Nicht getestet : 3 neue Modelle und ein Ortofon

Nach Abschluß der für diesen Sammeltest durchgeführten Messungen und Hörtests erreichten uns noch drei neue Modelle von audiotechnica: Signet MKX11 E, AT 25 und AT 20 SS. Wir werden diese Tonabnehmer in den nächsten Sammeltest einbeziehen, ebenso wie die im Januar 1979 in der Las-Vegas-Show erstmals gezeigten und inzwischen wohl auch auf dem deutschen Markt erhältlichen Leichttonabnehmer von Ortofon.

Bild 1 zeigt das Grundmodell, dessen Masse nur 1,5g beträgt und das zur Integration in einen Leichttonarm gedacht ist. Daneben gibt es eine mit einem Halbzolladapter ausgestattete, 2,7g wiegende Variante (Bild 2) und zum Gebrauch an gängigen Tonarmen mit Überwurfmutter das Modell „Concorde" (Bild 3), dessen Masse nur 7g ausmacht. Eigens für Dual fertigt Ortofon den Leichttonabnehmer auch mit speziellem Übergangsstück (Bild 4).

Der neue Ortofon Leichttonabnehmer

Diese Leichttonabnehmer in Verbindung mit einem Leichttonarm gestatten die Reduzierung der effektiven Masse, so daß trotz hoher Nadelnachgiebigkeit (und folglich kleinen Auflagekräften) die Baßeigenresonanz im günstigen Frequenzbereich zwischen 10 und 15 Hz liegt.

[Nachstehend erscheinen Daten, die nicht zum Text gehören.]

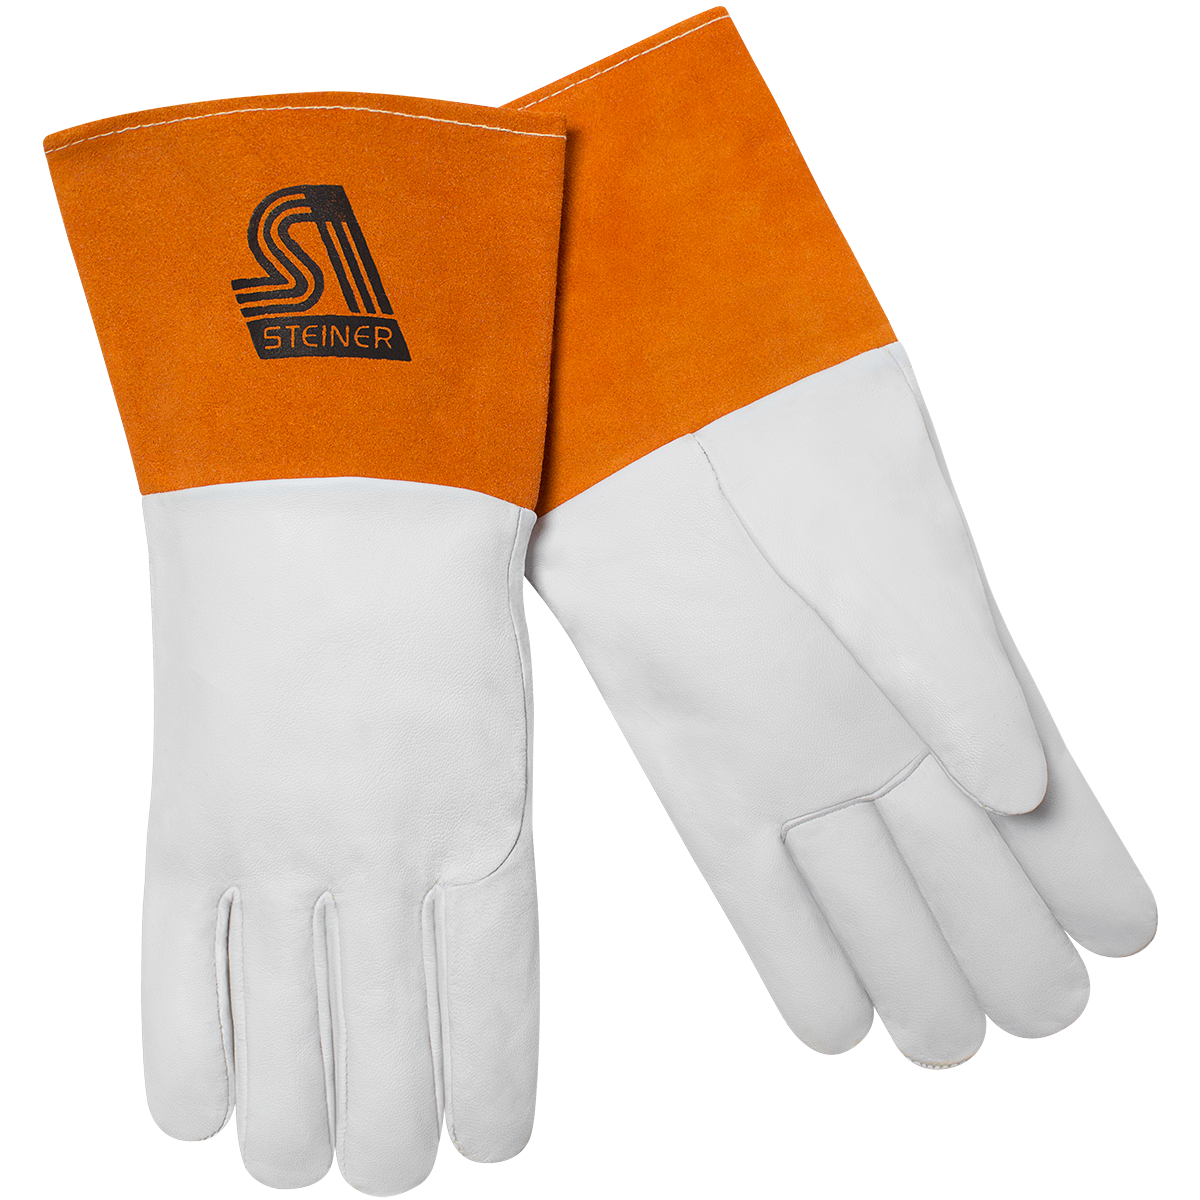 Gloves clipart rubber glove, Gloves rubber glove ...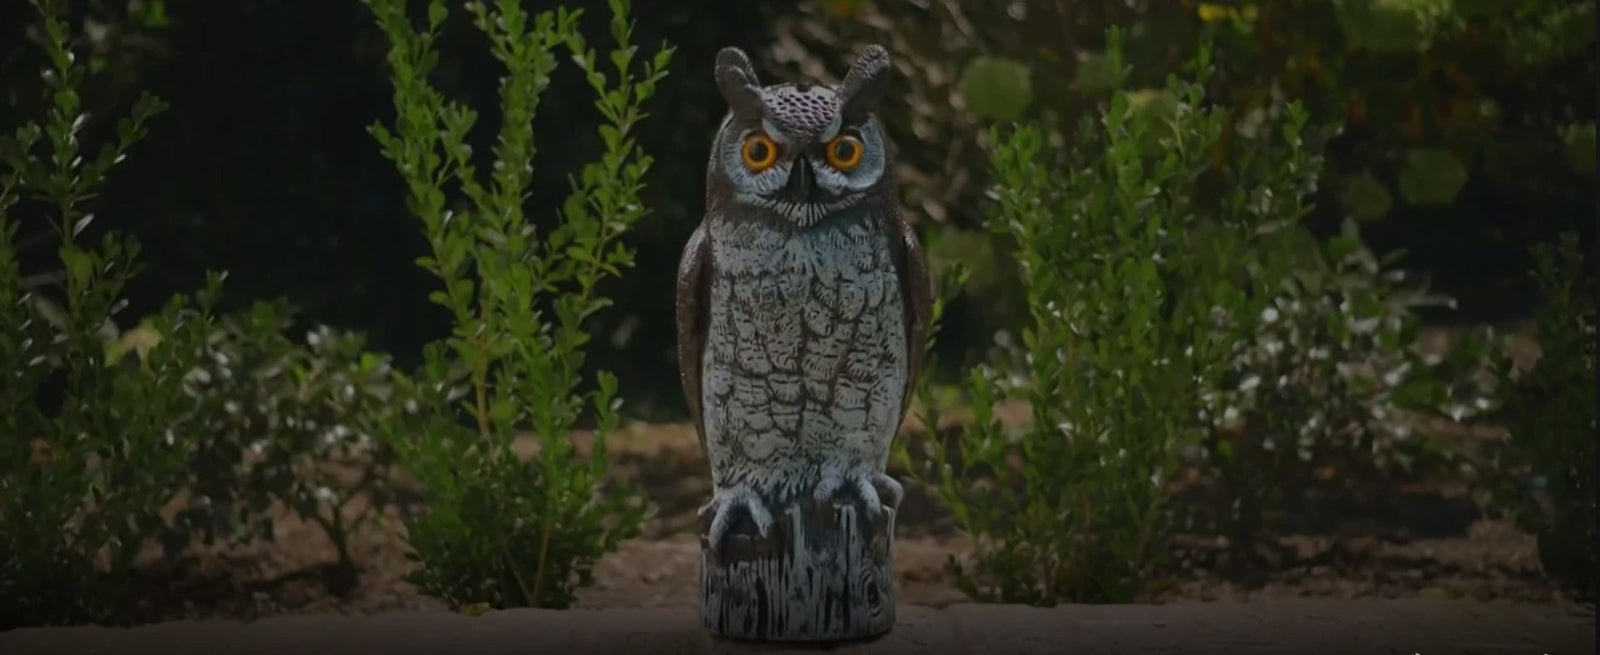 Big Head Owl Charms

Das derzeitig unter Laborbedingungen in Stückzahlen von rund zweihundert täglich produzierte Spitzenmodell von Ortofon ist das dynamische MC-30. Es wird mit Meßprotokoll und einer direktgeschnittenen Tonabnehmer-Testplatte zum Preis von rund 1.200.- DM in einem Leichtmetallkoffer geliefert (Bild 5), was sogar noch „vornehmer" ist als bei Technics im Falle des EPC 100 C (vgl. HiFi-Stereophonie 8/78), das „nur" in einem aufwendigen großformatigen Behältnis aus Pappe mit Meßprotokoll und -Schallplatte geliefert wird.

Ortofon Details

Bild 6 zeigt unten zwei offene MC-30 in unterschiedlichen Montagestufen. Beim rechten Exemplar fehlt vorne das Eisenstückchen, das den magnetischen Kreis schließt, so daß man den winzigen Spulenträger sehen kann, der auf dem Nadelträger sitzt. In Bild 7, einer Mikroskopaufnahme, kann man die im rechten Winkel zueinander gewickelten Spulenpaare deutlich erkennen. Der nach vorne gerichtete Nadelträger wird wegen der geringen Tiefenschärfe nur unscharf abgebildet.

Um die prinzipiell gegensätzlichen Forderungen hoher Abtastfähigkeit bei tiefen Frequenzen (große Nadelnachgiebigkeit) mit linearem und zu hohen Frequenzen hin breit-bandigem Übertragungsverhalten zu optimieren, wurde für das MC-30 eine „Zweifachdämpfung" entwickelt.

Die Aufhängung des Nadelträgers hat Sandwichstruktur (Bild 8): Auf den Spulenträger folgt eine besonders weiche Gummischeibe, die hohe Nadelnachgiebigkeit gewährleistet, dann zur Bedämpfung durch Masse eine Platinscheibe (Platin hat die doppelte Dichte von Blei), und schließlich folgt eine „härtere" Gummischeibe, die für gutes Dämpfungsverhalten bei hohen Frequenzen sorgt. Beide Dämpfungsmechanismen werden durch die Masse der Platinscheibe voneinander entkoppelt.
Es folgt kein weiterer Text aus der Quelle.